Carl Icahn is one of the most notable investors in the United States and, likely, in history. His views are so widely known and respected that the "Icahn lift" was termed to describe the rise in stock prices that typically occurs once the billionaire begins to invest in a failing company, based solely on the confidence that Icahn has made a good bet. And so, when Barrons and Bloomberg both reported that the investment titan had reported losses of more than 20% from his $6 billion hedge fund in 2016, many analysts' ears perked up. Considering Icahn's status, what could this mean for the investing world as a whole?

Second Straight Year of Dismal Returns

2016 was in fact the second year in a row in which Icahn's fund posted astonishing losses. 2016's loss of 20.6% topped the decline of 18% that he saw in 2015, according to information available from a regulatory filing and pertaining to Icahn Enterprises. What could have caused the losses?

One possible reason is the broader climate for hedge funds. 2016 saw criticism of the hedge fund model come to a climactic high point, as investors across many areas decided to pull assets from many funds in search of safer investment waters elsewhere. These disgruntled investors tend to see hedge funds as stuck in an old mode of business, including high fees and maintenance responsibilities. These may have once been worth the trade off in exchange for excellent returns, but with returns across the industry slipping, many feel that they are no longer a good investment.

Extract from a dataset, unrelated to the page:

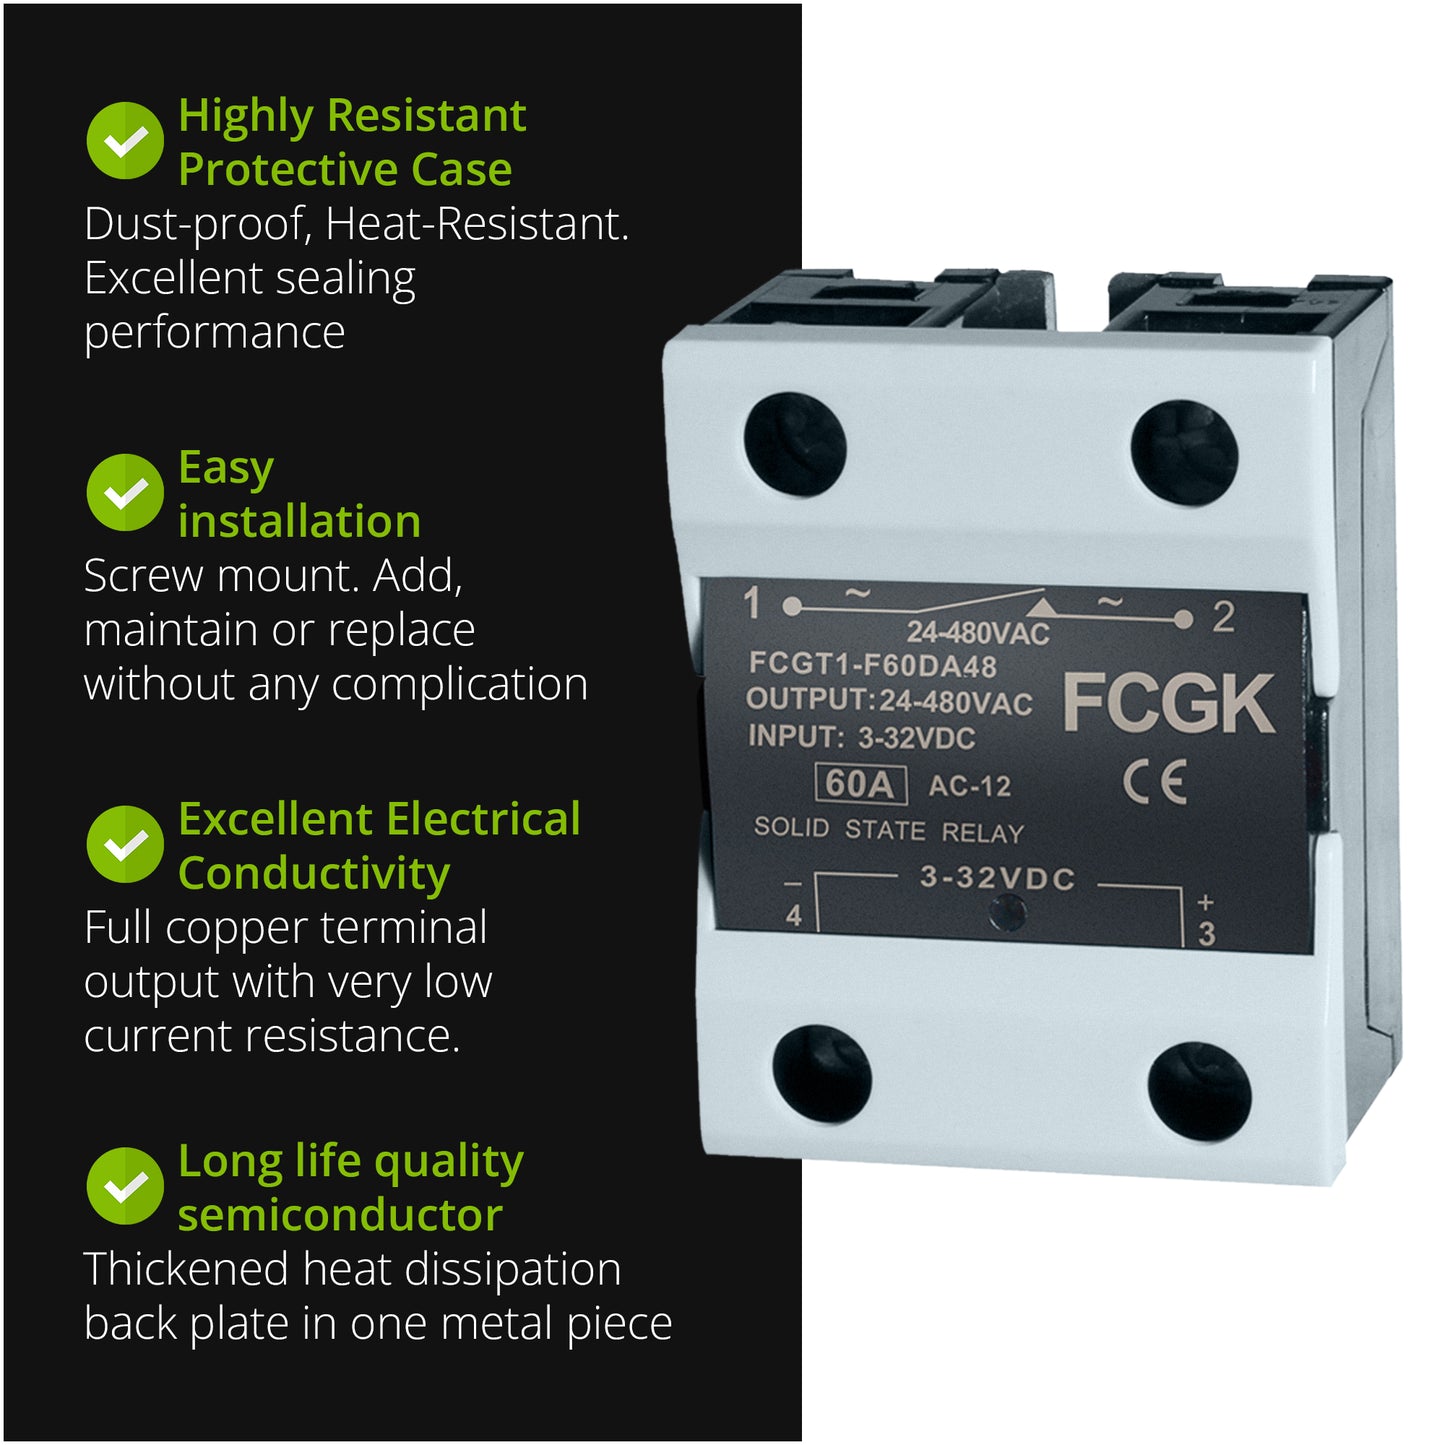 FCGK Solid State Relay SSR-60DA DC to AC Input 3-32VDC to Output 24-480VAC 60A Single Phase Plastic Cover

Bearish Stance May Have Hurt

Icahn may also have been troubled by his persistent bearish position, with his fund maintaining a major short position in U.S. equities even as the S&P 500 climbed by 10%. Icahn's determination to remain fixed in that position is admirable: his fund had a net short position totaling 138% for the third quarter of 2016.

Icahn, who was one of the major supporters of Donald Trump among Wall Street elite, interestingly was unable to make impressive gains off of the market rally that occurred in the period immediately following the election. Although he did say that his fund purchased a sizable amount of stock on the night of the election, it seems likely that these moves may have been primarily to reduce his net short position. In the end, the fund lost approximately 8% in the fourth quarter, compounding losses of 12.7% for the first three-quarters of the year.

Could Icahn's losses mean the end for the hedge fund industry? Possibly, but there are nonetheless other investors looking for new ways of securing comparable returns to the hedge fund days gone by. Icahn may have to revitalize his thinking in order to remain in the top, though.